# INSTRUCTIONS FOR THE TASK:
A verbatim copy of the listing is needed; pictures are to be left out.

# RECORDED DATA:
========================================================================
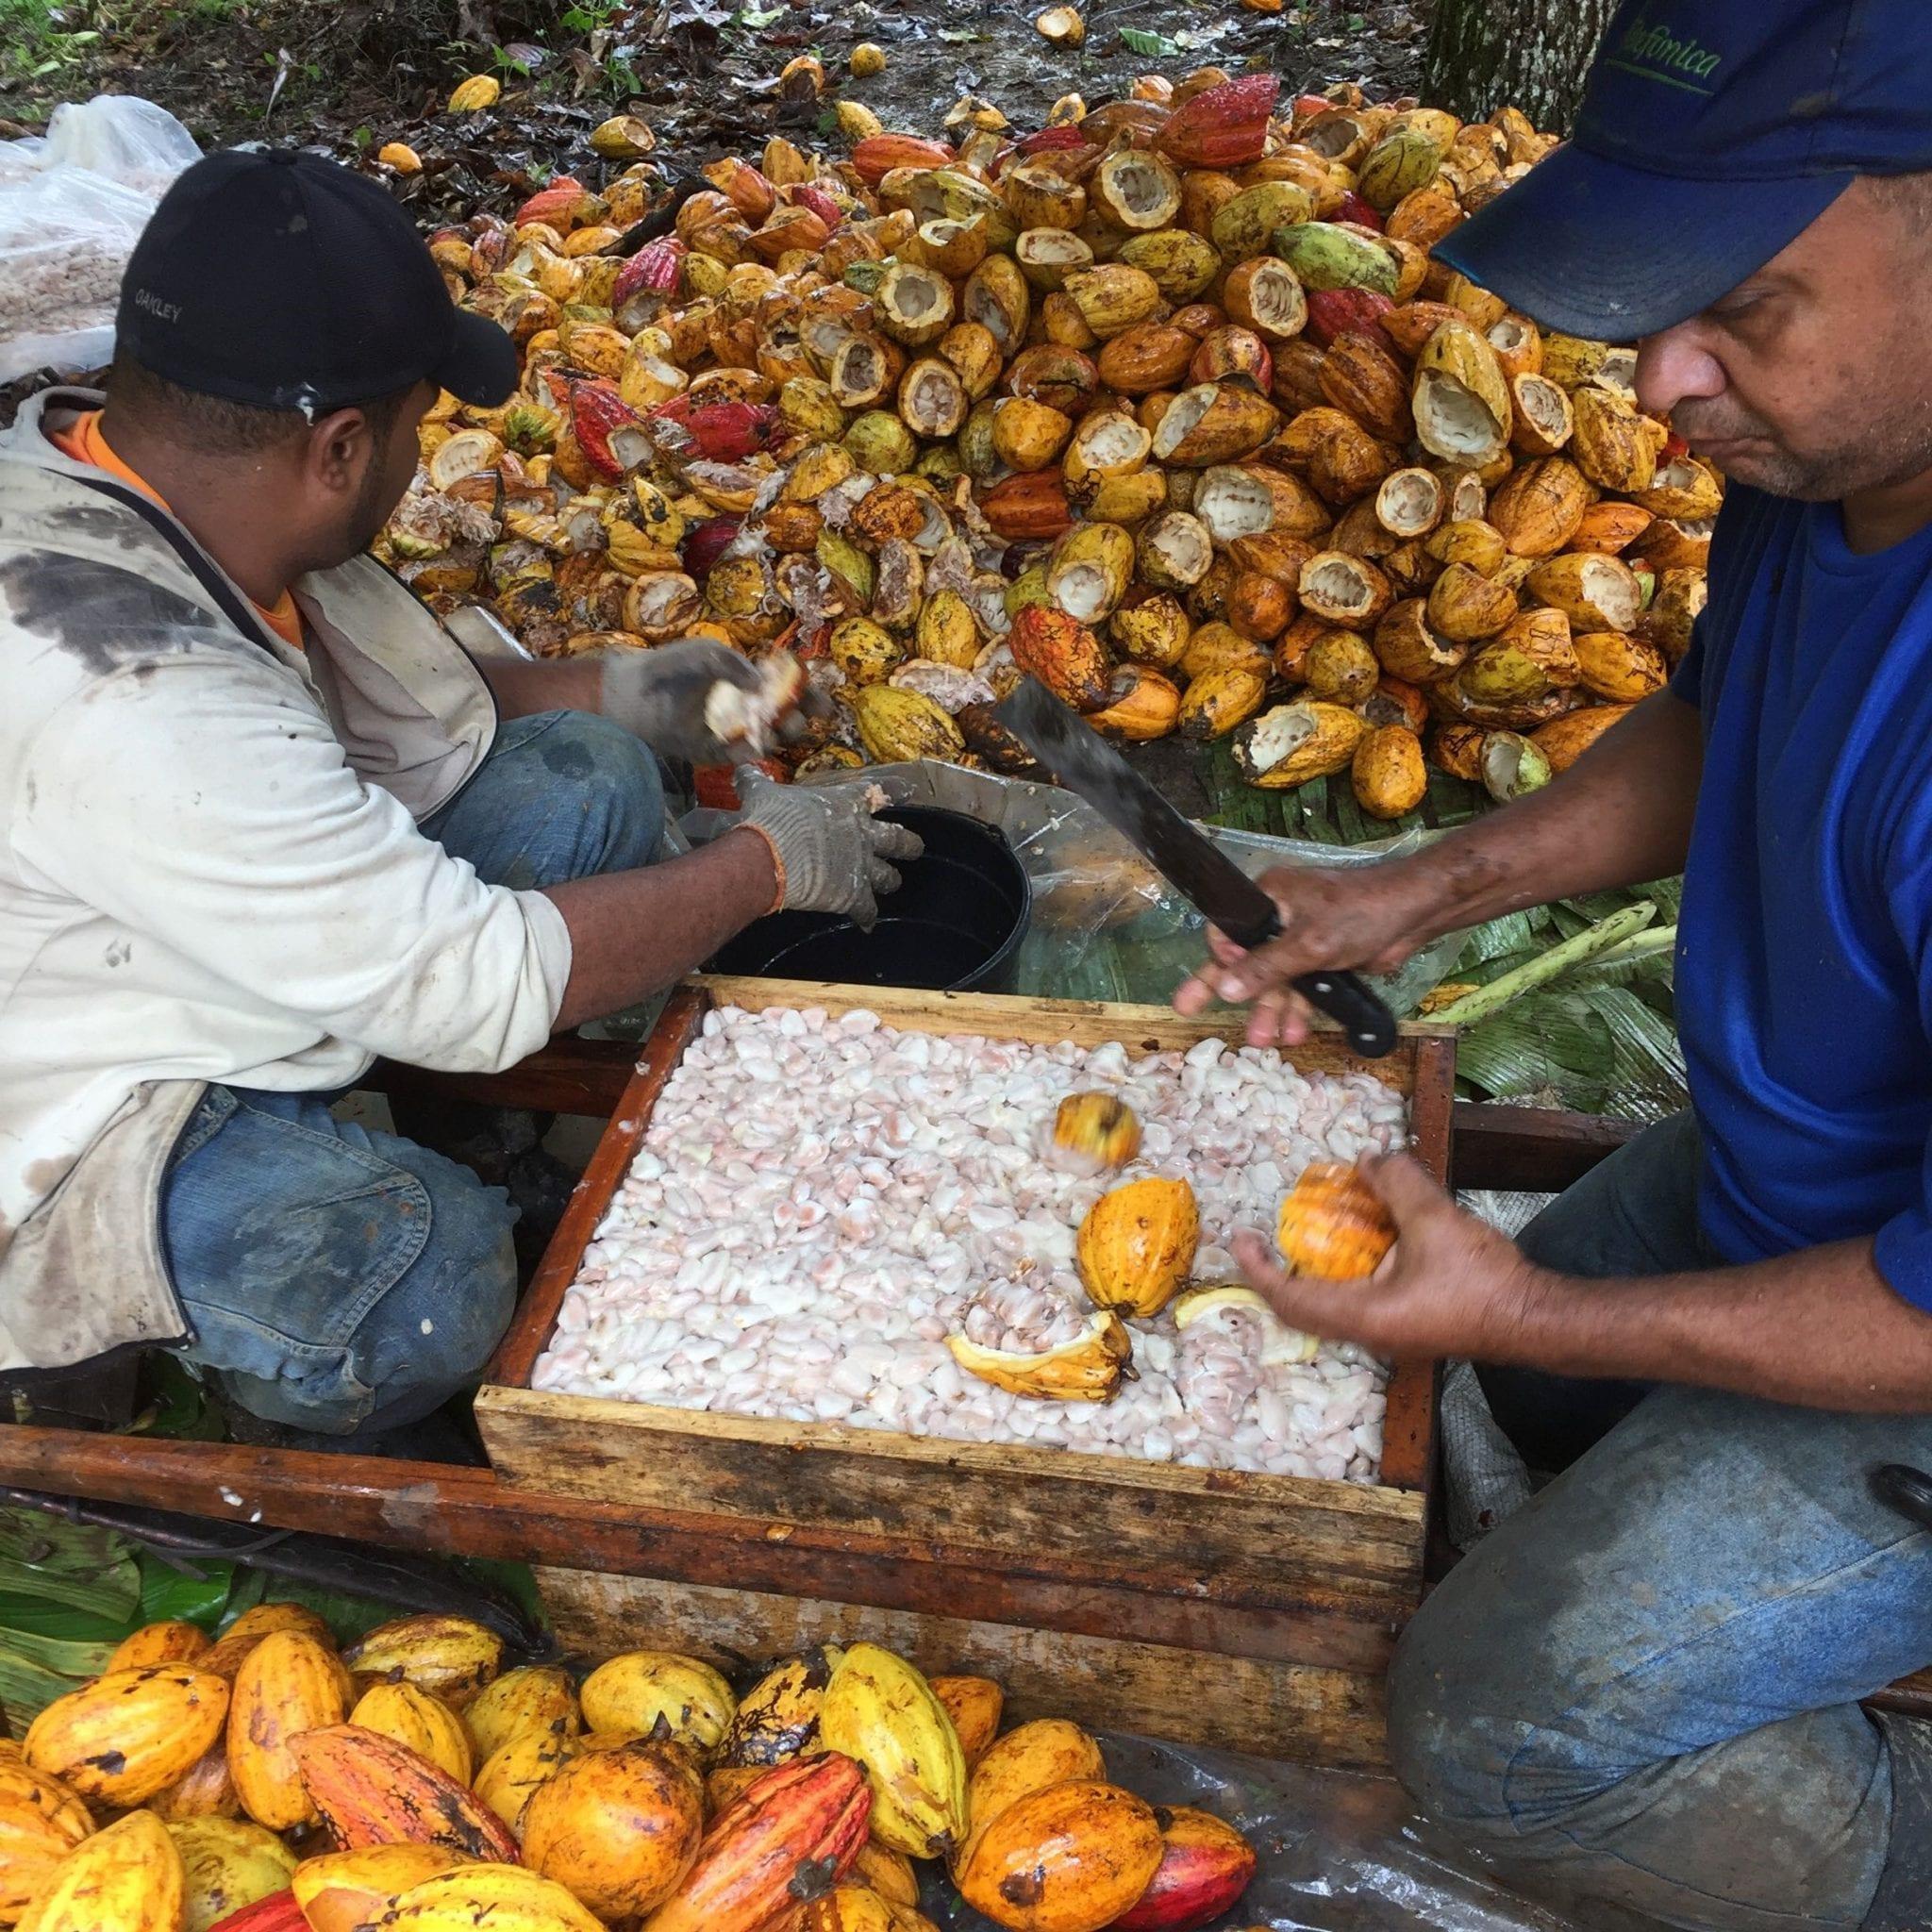 Farming Uk Meat Processing News: Explicación Paso A Paso: La Cosecha Y El Procesamiento Del
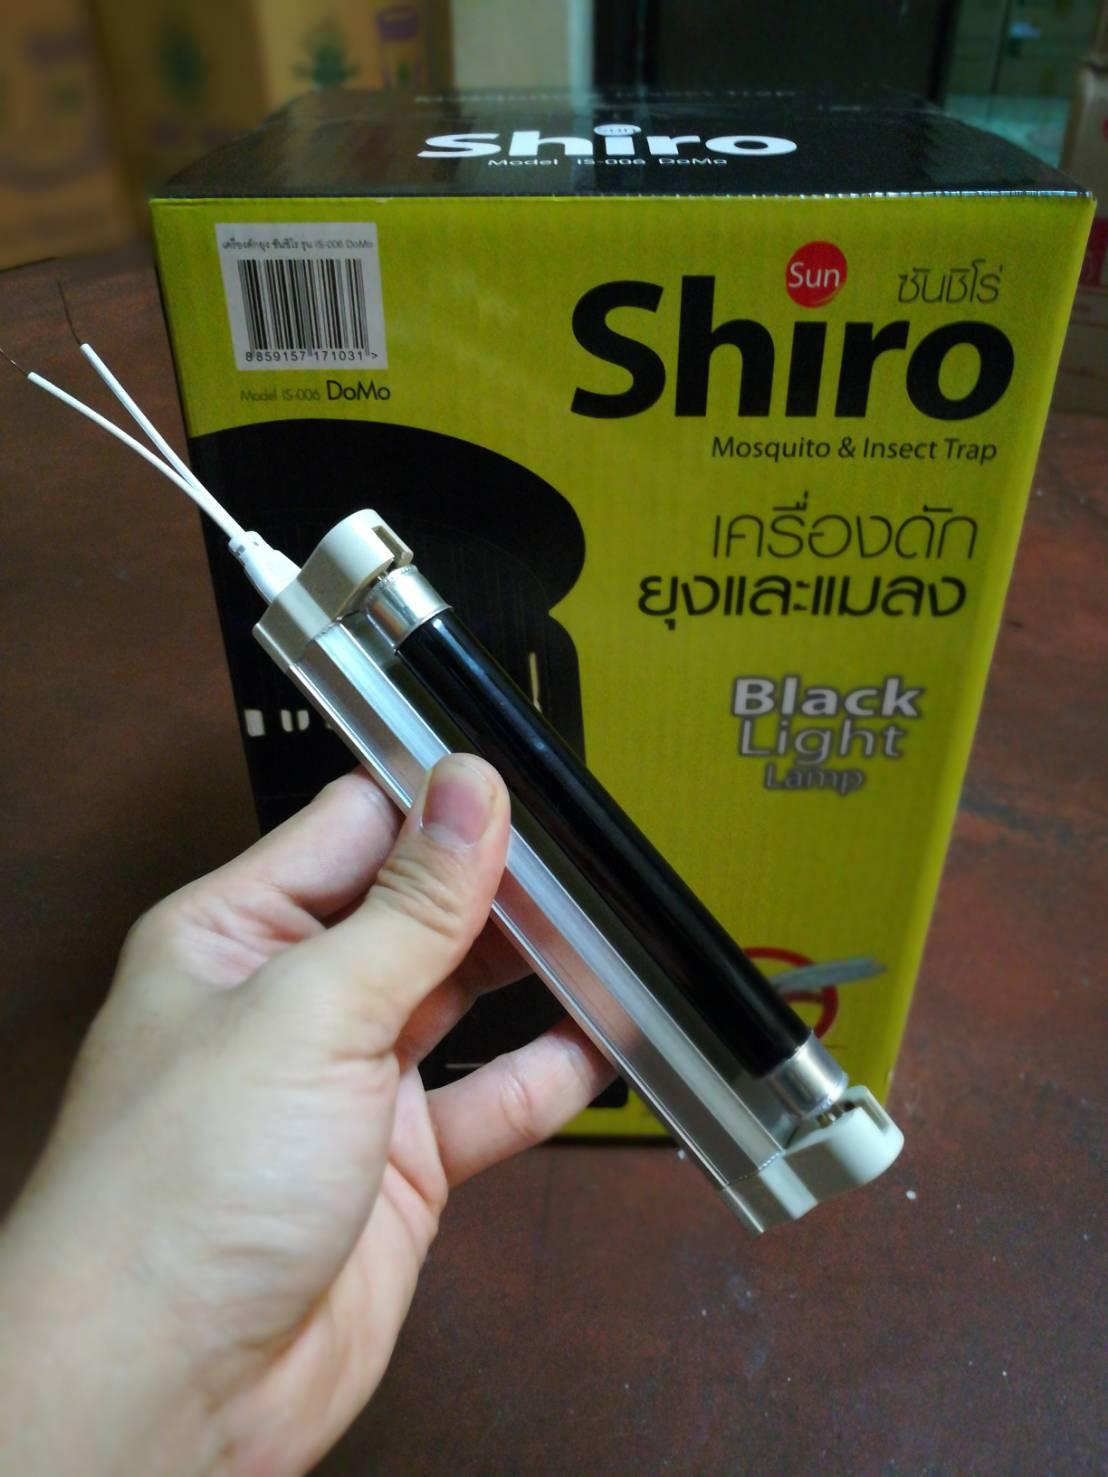 รางนีออน รางหลอดไฟ รางหลอดไฟเครื่องดักยุงซันชิโร่ sunshiro 4 watt พร้อมหลอดไฟดักยุง 4 watt จำนวน 1 หลอด สำหรับผุ้ที่ต้องการนำไปซ๋อมเอง เมื่อประกันขาด
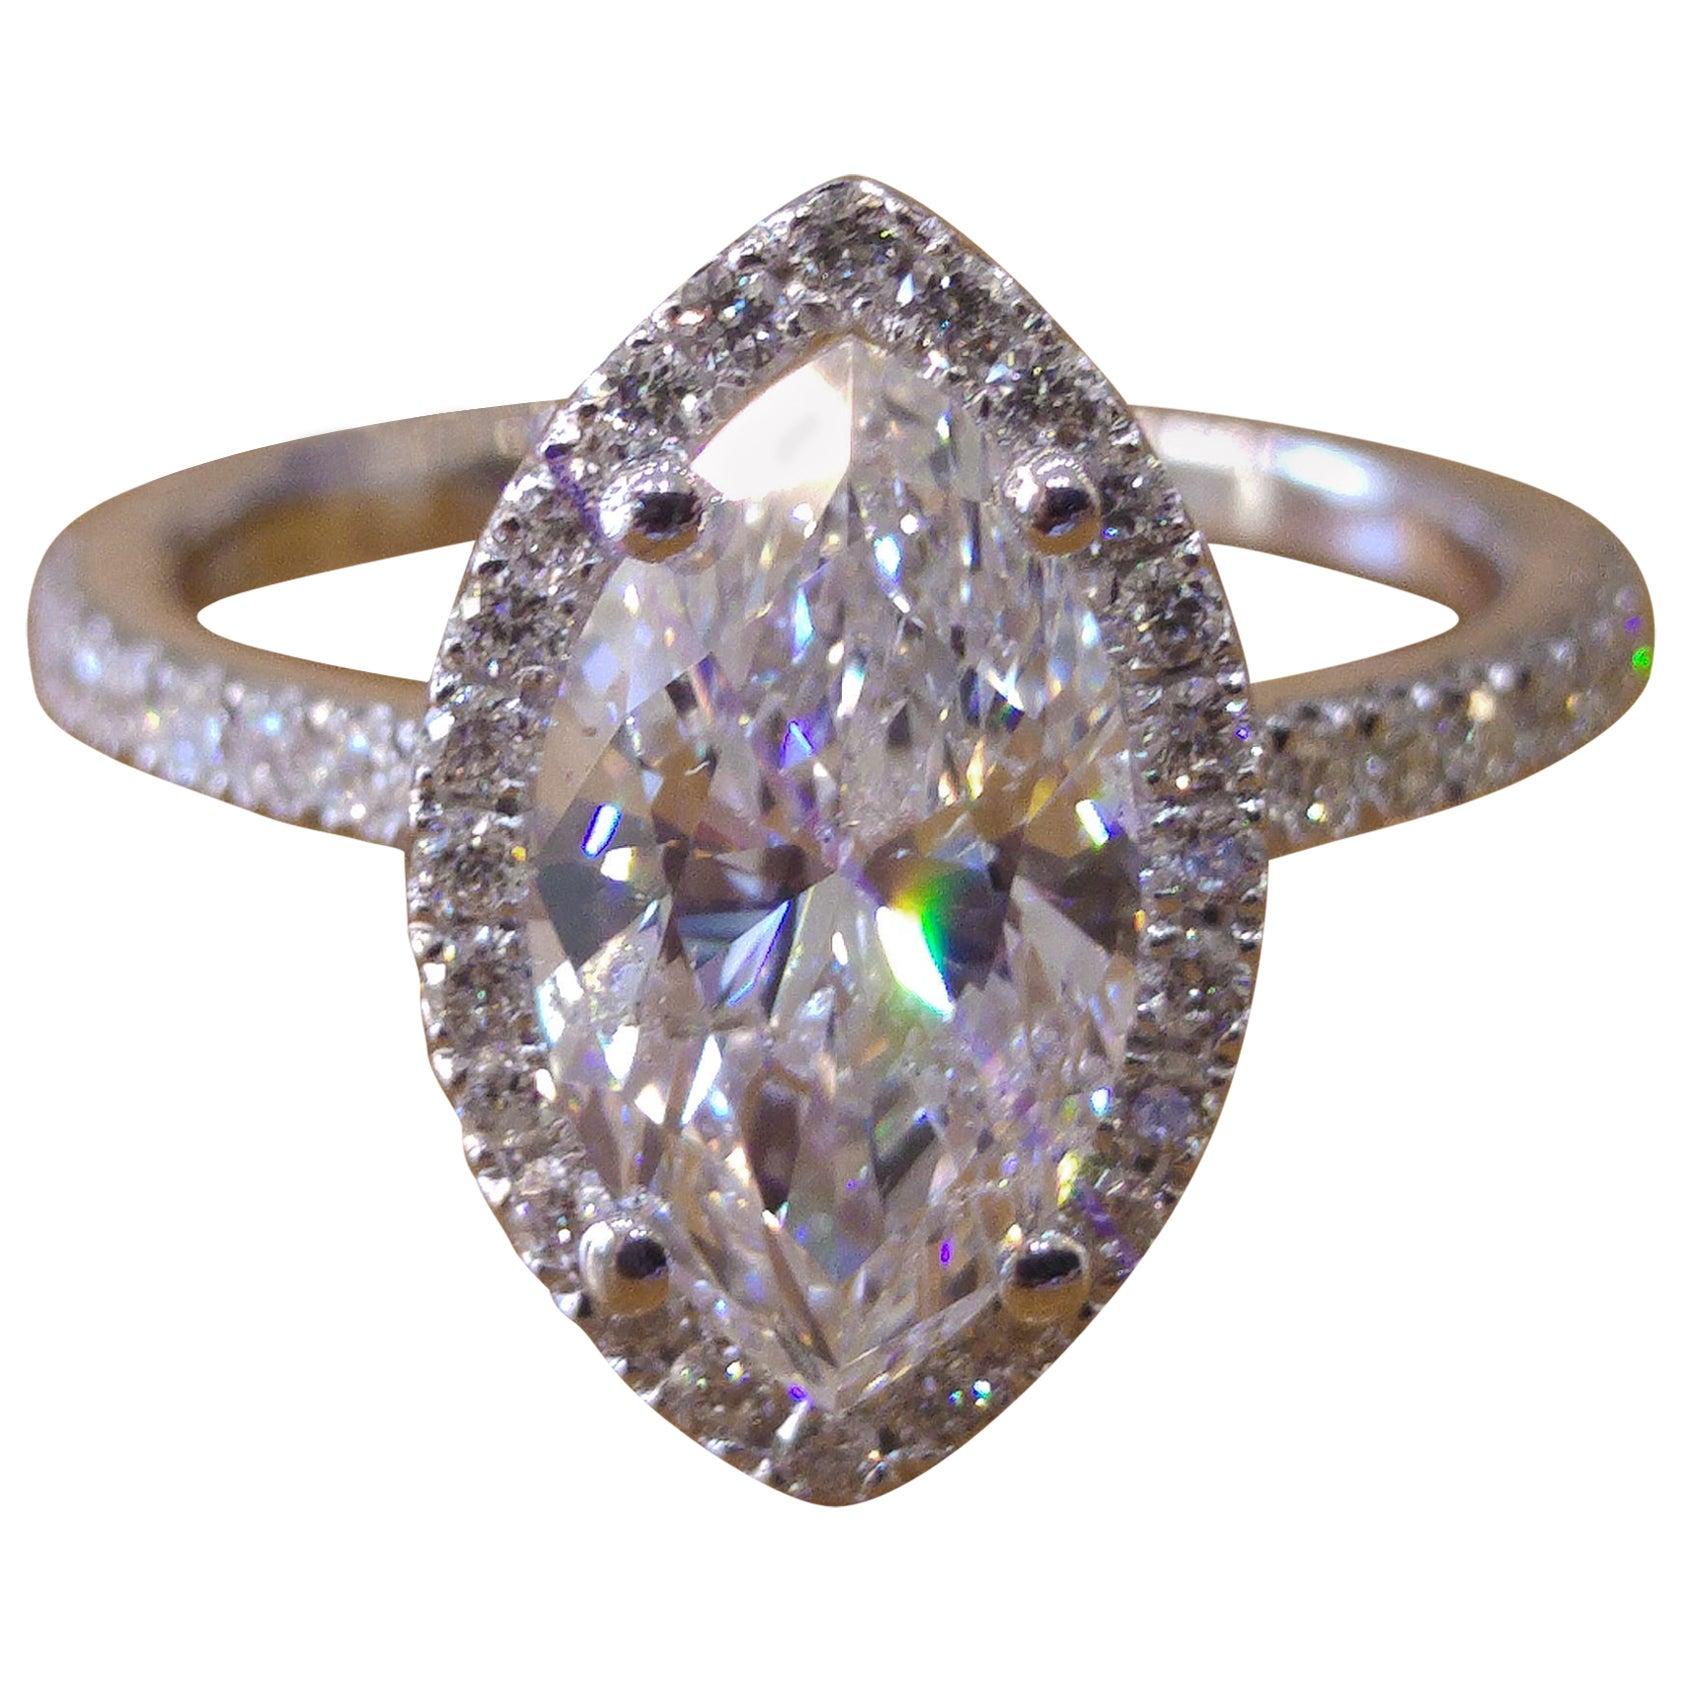 1 1/2 Carat 14 Karat White Gold Marquise Engagement Ring
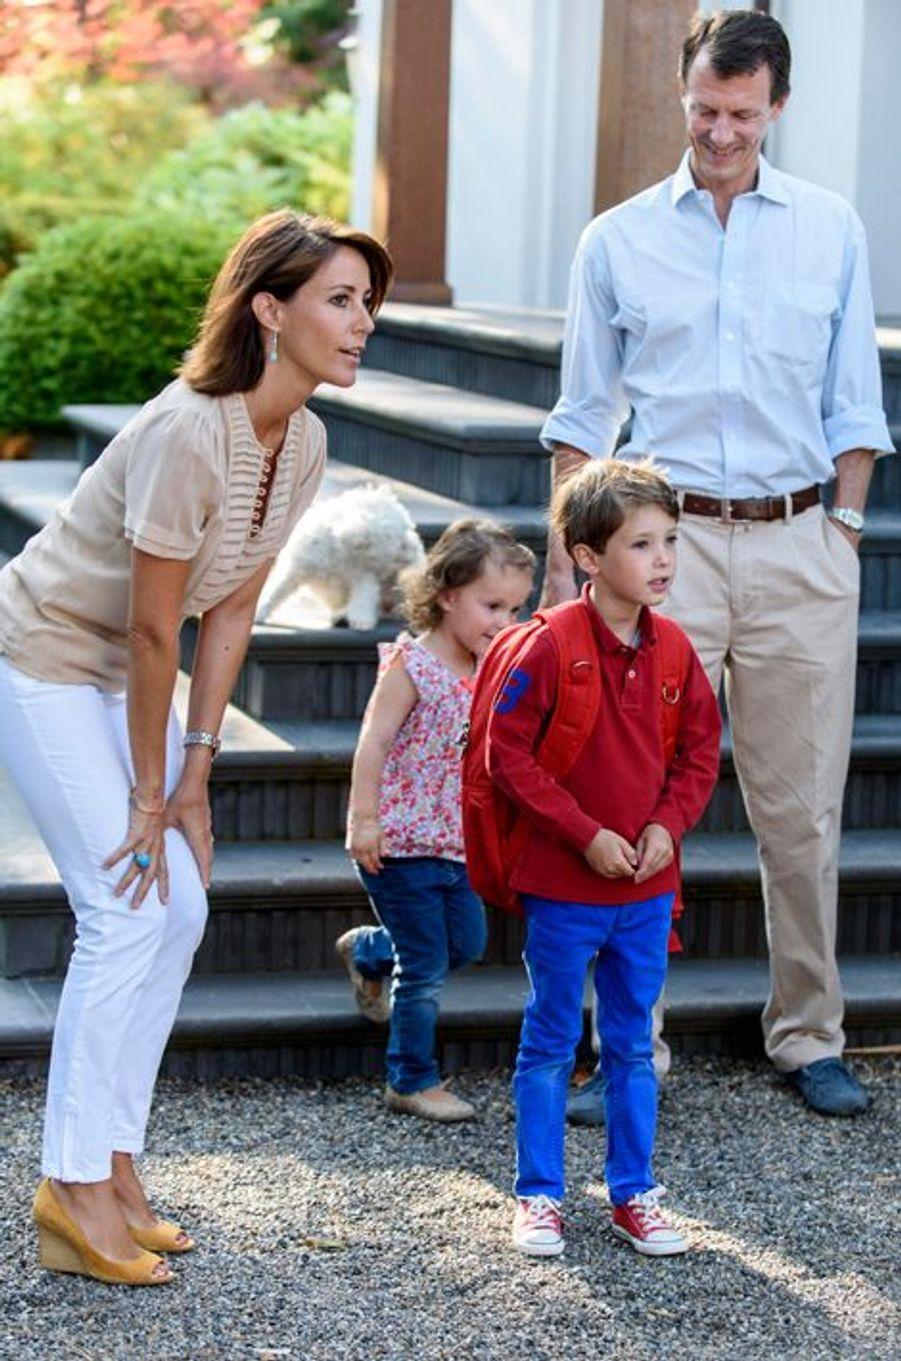 La princesse Marie et le prince Joachim de Danemark avec le prince Henrik et la princesse Athena à Copenhague, le 14 août 2015
========================================================================
# PROBLEM SOLUTION:
 Farming Uk Meat Processing News: Explicación Paso A Paso: La Cosecha Y El Procesamiento Del
 รางนีออน รางหลอดไฟ รางหลอดไฟเครื่องดักยุงซันชิโร่ sunshiro 4 watt พร้อมหลอดไฟดักยุง 4 watt จำนวน 1 หลอด สำหรับผุ้ที่ต้องการนำไปซ๋อมเอง เมื่อประกันขาด
 1 1/2 Carat 14 Karat White Gold Marquise Engagement Ring
 La princesse Marie et le prince Joachim de Danemark avec le prince Henrik et la princesse Athena à Copenhague, le 14 août 2015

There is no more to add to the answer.